Working for a Better Day
“I feel sorry for youth today. They have this pressure to own things and wear this kind and that kind of clothes,” said Klopot. “People have to be for themselves, and I’ve been lucky that I’ve been able to have that.”
“She has more energy at 88 than I did at 78 — even 68,” said Roz Boyd, 80, another friend of Klopot and a fellow Granny. “She’s such an optimist and I’m a pessimist, so just to argue with her about politics is a joy.”
Klopot doesn’t have any special techniques for staying healthy, but she still climbs several flights of stairs every day.
“I have to climb — I counted — 128 steps up to the office every day,” said Klopot. “And I’m grateful, because when I come home, I read and I sit. So whether I remember to exercise or not, I have the steps.”
“And when you’re a grandmother, you have a special responsibility, but also a special freedom,” said Klopot. “We, as grandmothers and the elderly, have the time now. That’s one of the reasons why we can do all that we can.”
She attributes the Grannies’ influence to the time they invest and to their connections: Almost all of them are either leaders or members of other peace organizations.

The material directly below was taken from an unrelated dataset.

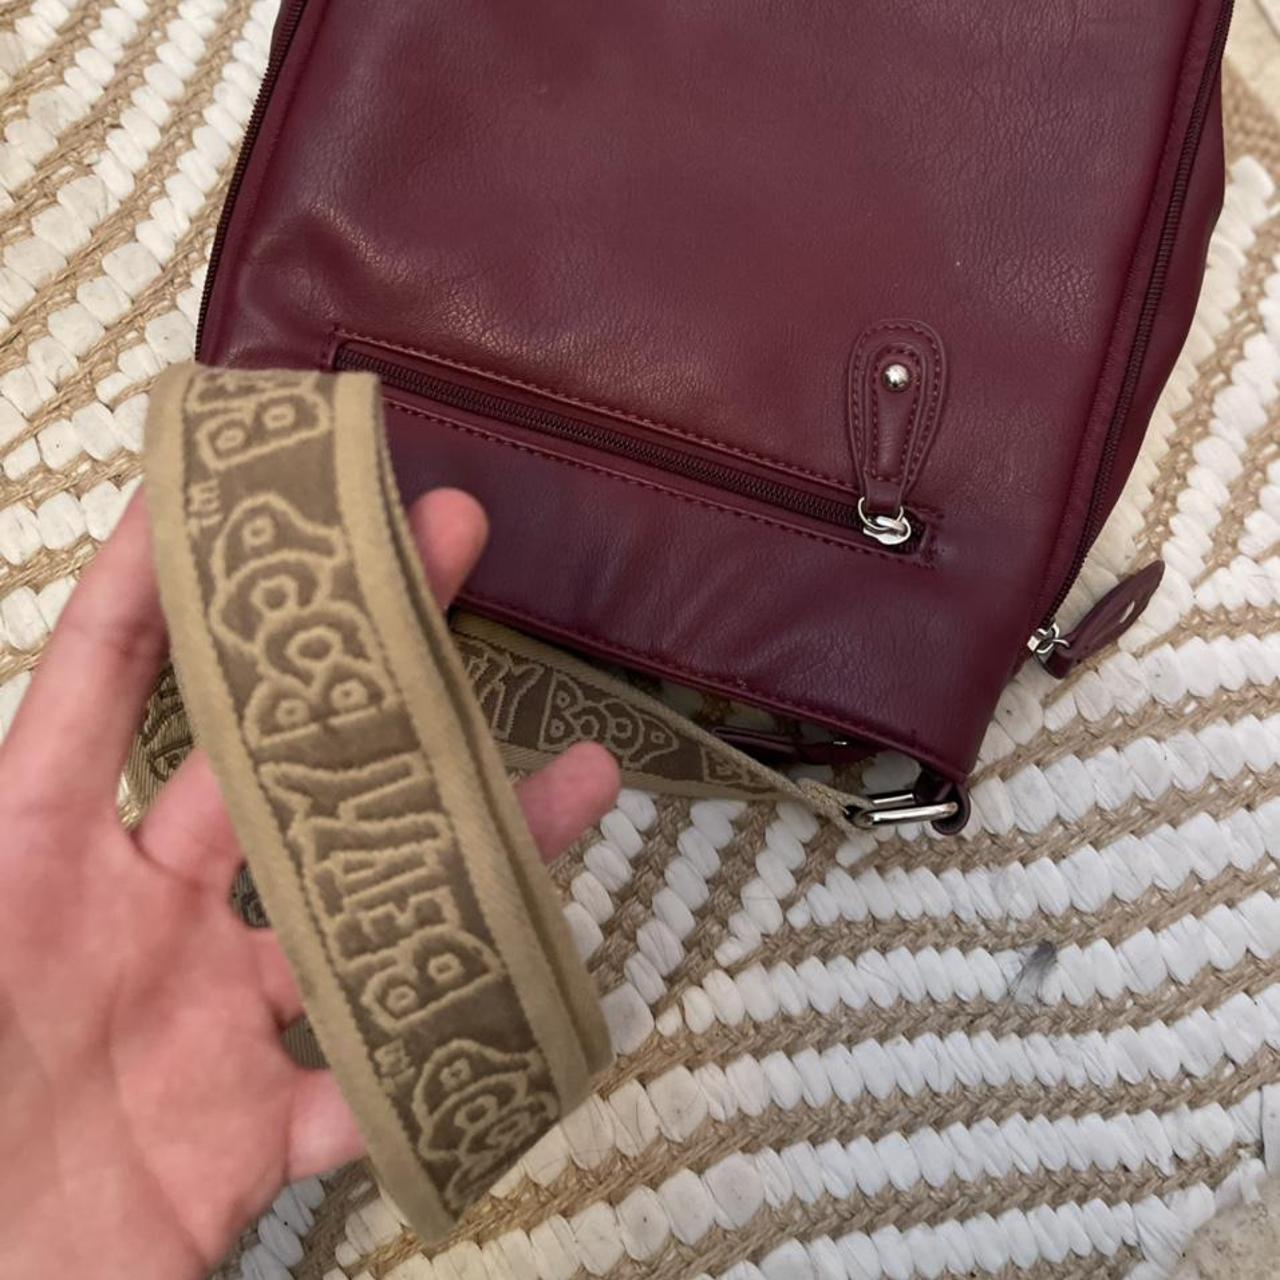 Women's Burgundy and Gold Bag (3)

Klopot herself has been chair of the New York branch of the Women’s International League for Peace and Freedom (WILPF) since 1998. It was founded in Geneva in 1915 with member groups in 38 countries, and claims to be the oldest and largest women’s peace organization in the U.S. Klopot still makes the journey from Coney Island to the WILPF office on the Lower East Side every weekday.
Just as the connections between the grannies enhance their influence, Klopot said “it’s the collectivity” of her experiences that have infused her with so much passion for what she does.
“I don’t feel old,” said Klopot. “When you’re an adult, you’re an adult. It’s a continuum. You’re a human being working for a better day — that’s the important thing.”